17. Choice of Law and Choice of Forum. This Agreement and all matters arising out of or relating to this Agreement are governed by, and construed in accordance with, the laws of the State of Maryland, without regard to the conflict of laws provisions of such State. Any legal suit, action, or proceeding arising out of or relating to this Agreement must be instituted in the federal courts of the United States of America or the courts of the State of Maryland, located in the County of Wicomico, and each Party irrevocably submits to the exclusive jurisdiction of such courts in any such suit, action, or proceeding.

18. Waiver of Jury Trial. EACH PARTY ACKNOWLEDGES AND AGREES THAT ANY CONTROVERSY THAT MAY ARISE UNDER THIS AGREEMENT, INCLUDING EXHIBITS, SCHEDULES, ATTACHMENTS, AND APPENDICES ATTACHED TO THIS AGREEMENT, IS LIKELY TO INVOLVE COMPLICATED AND DIFFICULT ISSUES AND, THEREFORE, EACH SUCH PARTY IRREVOCABLY AND UNCONDITIONALLY WAIVES ANY RIGHT IT MAY HAVE TO A TRIAL BY JURY IN RESPECT OF ANY LEGAL ACTION ARISING OUT OF OR RELATING TO THIS AGREEMENT, INCLUDING ANY EXHIBITS, SCHEDULES, ATTACHMENTS, OR APPENDICES ATTACHED TO THIS AGREEMENT, OR THE TRANSACTIONS CONTEMPLATED HEREBY.]

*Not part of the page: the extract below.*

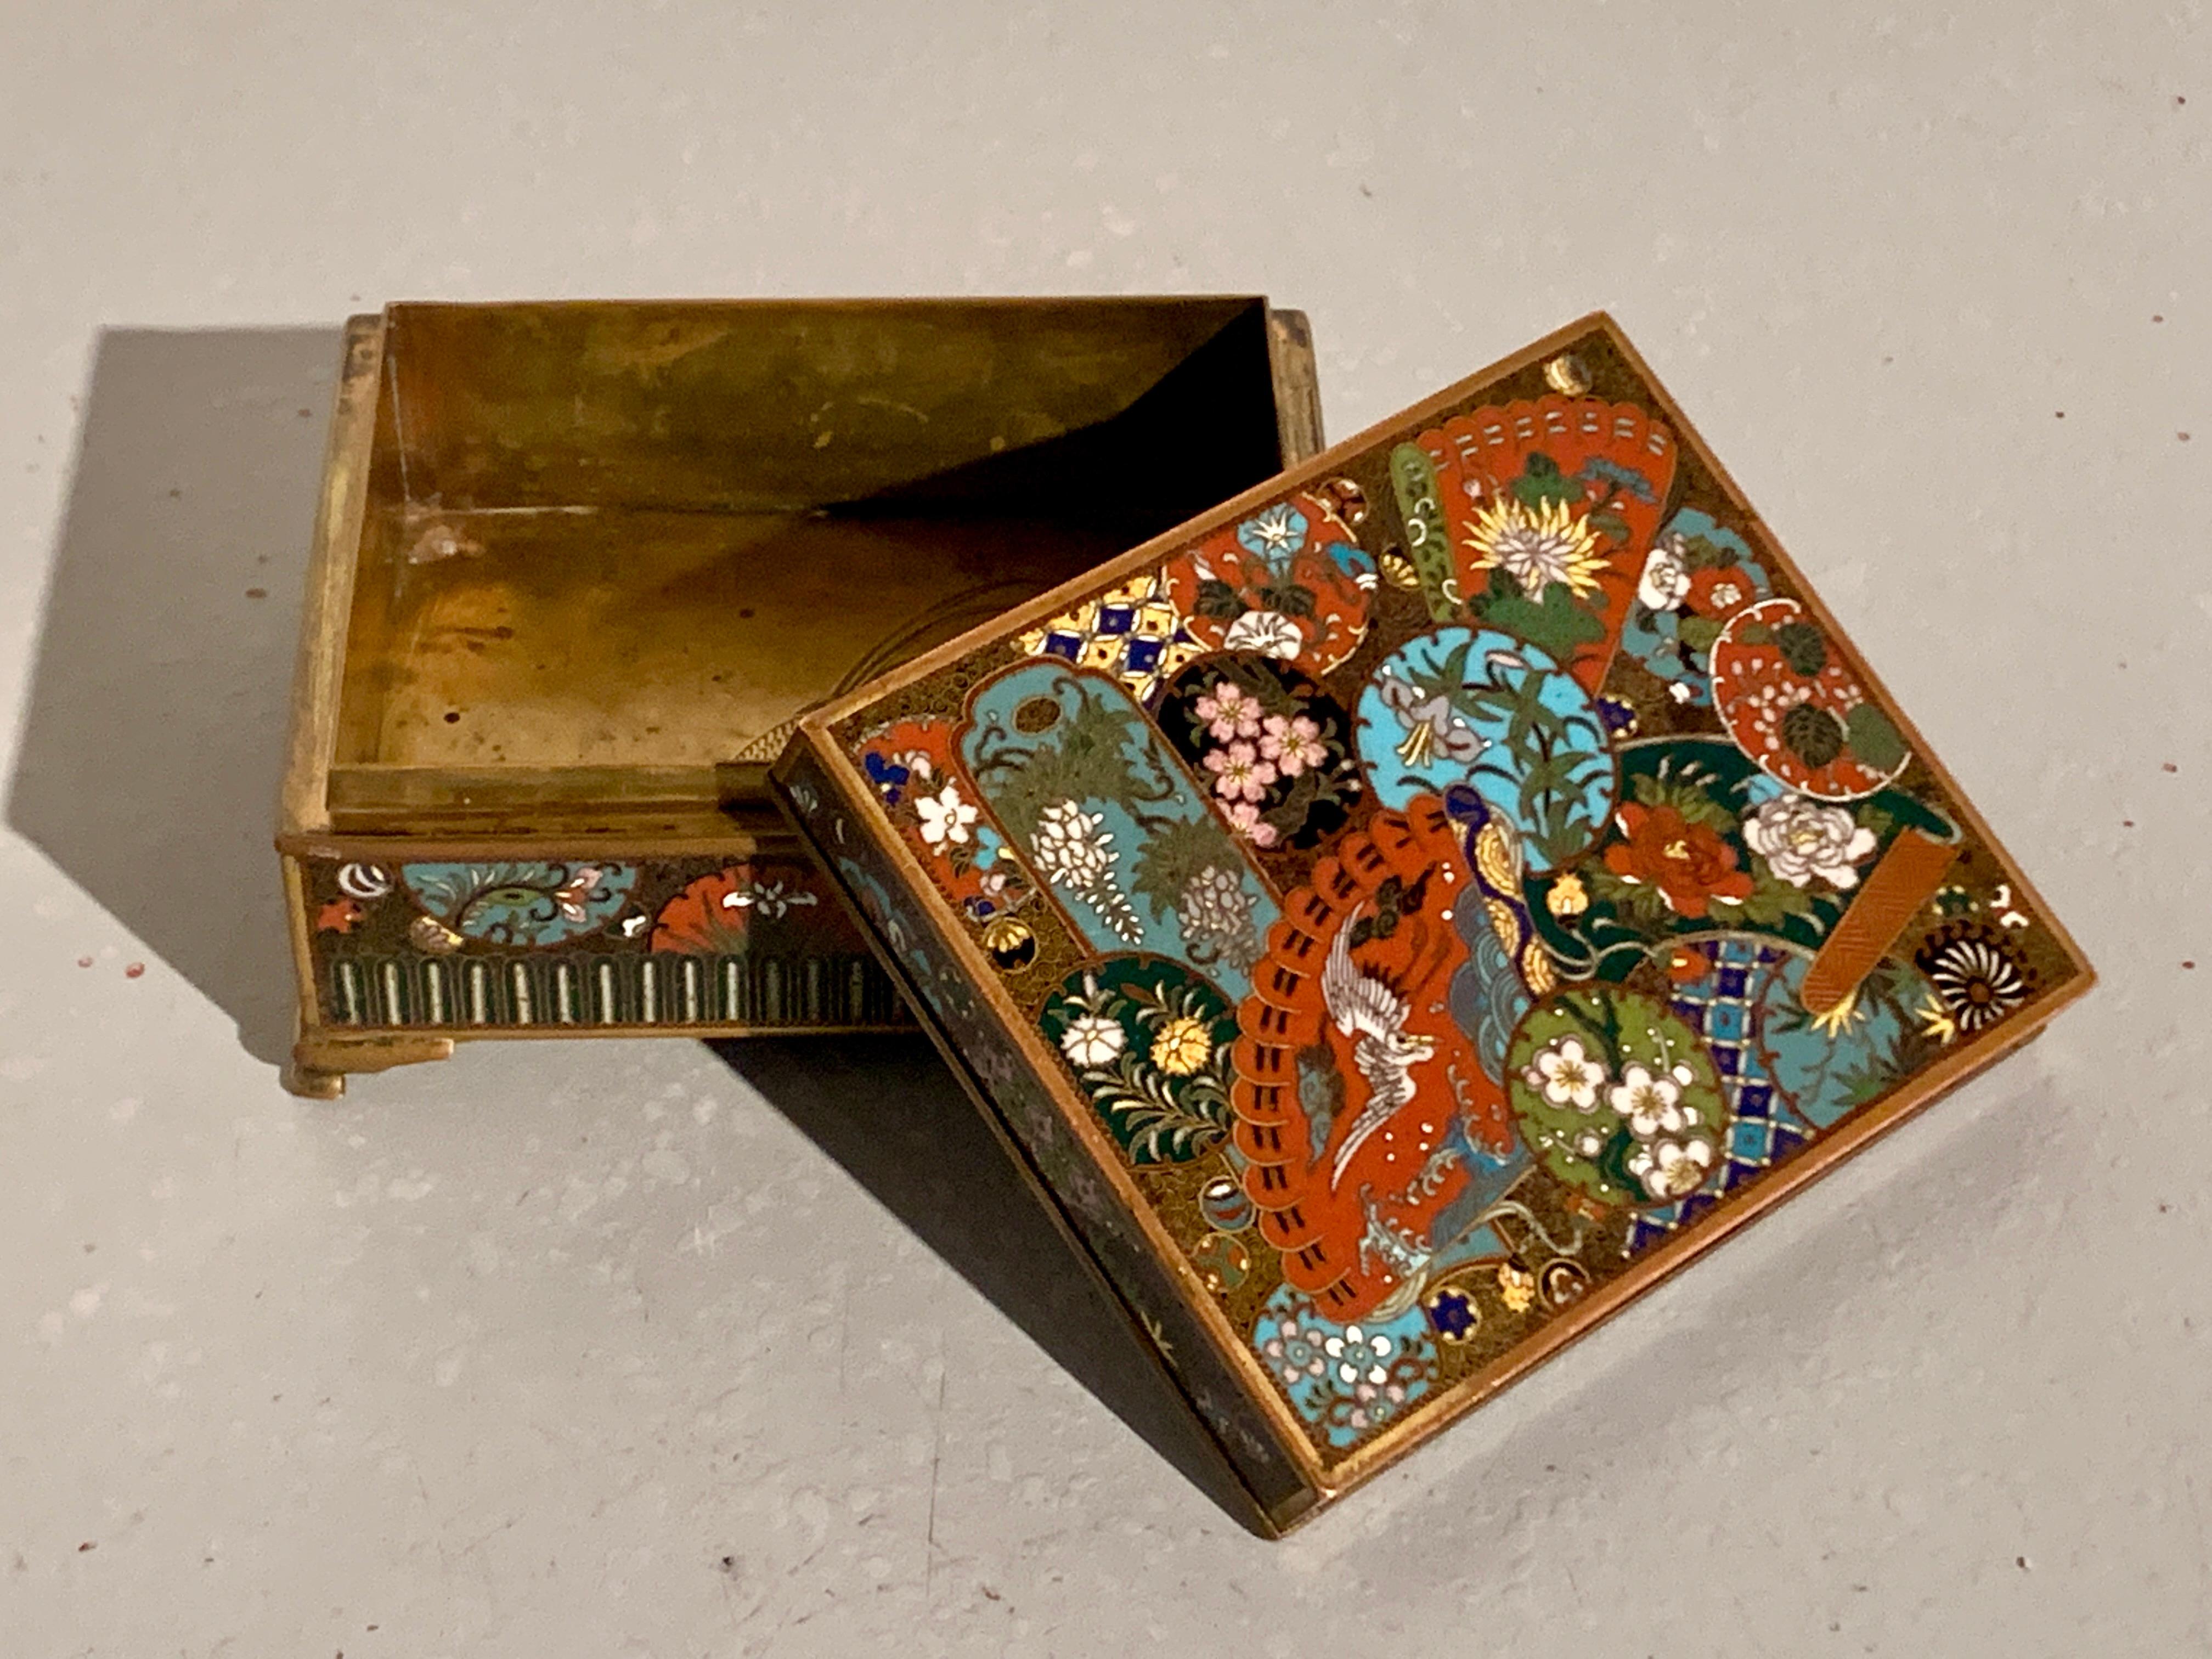 Boîte et couvercle japonais en cloisonné très finement décorés, période Meiji, fin du XIXe siècle, Japon.

La boîte à bibelots ou à bijoux à couvercle est décorée de façon exquise selon la technique de l'émail cloisonné sur une base en cuivre,

19. Limitation of Liability. IN NO EVENT SHALL LESSOR BE RESPONSIBLE OR LIABLE FOR ANY CONSEQUENTIAL, INDIRECT, INCIDENTAL, SPECIAL, EXEMPLARY, PUNITIVE, OR ENHANCED DAMAGES, LOST PROFITS OR REVENUES, OR DIMINUTION IN VALUE, ARISING OUT OF OR RELATING TO ANY BREACH OF ANY PROVISION OF THIS AGREEMENT, REGARDLESS OF (A) WHETHER SUCH DAMAGES WERE FORESEEABLE, (B) WHETHER OR NOT LESSOR WAS ADVISED OF THE POSSIBILITY OF SUCH DAMAGES, AND (C) THE LEGAL OR EQUITABLE THEORY (CONTRACT, TORT, OR OTHERWISE) UPON WHICH THE CLAIM IS BASED, AND NOTWITHSTANDING THE FAILURE OF ANY AGREED OR OTHER REMEDY OF ITS ESSENTIAL PURPOSE. IN NO EVENT SHALL LESSOR'S AGGREGATE LIABILITY UNDER THIS AGREEMENT EXCEED THE TOTAL OF THE AMOUNTS PAID TO LESSOR HEREUNDER.

20. Counterparts. This Agreement may be executed in counterparts, each of which is deemed an original, but all of which together are deemed to be one and the same agreement. [Notwithstanding anything to the contrary in 12, a signed copy of this Agreement delivered by facsimile, email, or other means of electronic transmission is deemed to have the same legal effect as delivery of an original signed copy of this Agreement.]

21. Headings. Headings in this Agreement are for convenience of reference only and are not to be used in any interpretation of the agreement between the parties. 

BY INDICATING YOUR ACCEPTANCE OF THIS AGREEMENT, YOU ARE AFFIRMING THAT YOU HAVE READ AND UNDERSTAND THIS AGREEMENT AND FULLY UNDERSTAND ITS TERMS. YOU UNDERSTAND THAT YOU AND ALL REGISTERED PARTIES ARE GIVING UP SUBSTANTIAL RIGHTS, INCLUDING THE RIGHT TO SUE. YOU ACKNOWLEDGE THAT YOU ARE AGREEING TO THIS AGREEMENT AND WAIVER FREELY AND VOLUNTARILY, AND INTEND BY YOUR ACCEPTANCE TO BE A COMPLETE AND UNCONDITIONAL RELEASE OF ALL LIABILITY TO THE GREATEST EXTENT ALLOWED BY LAW.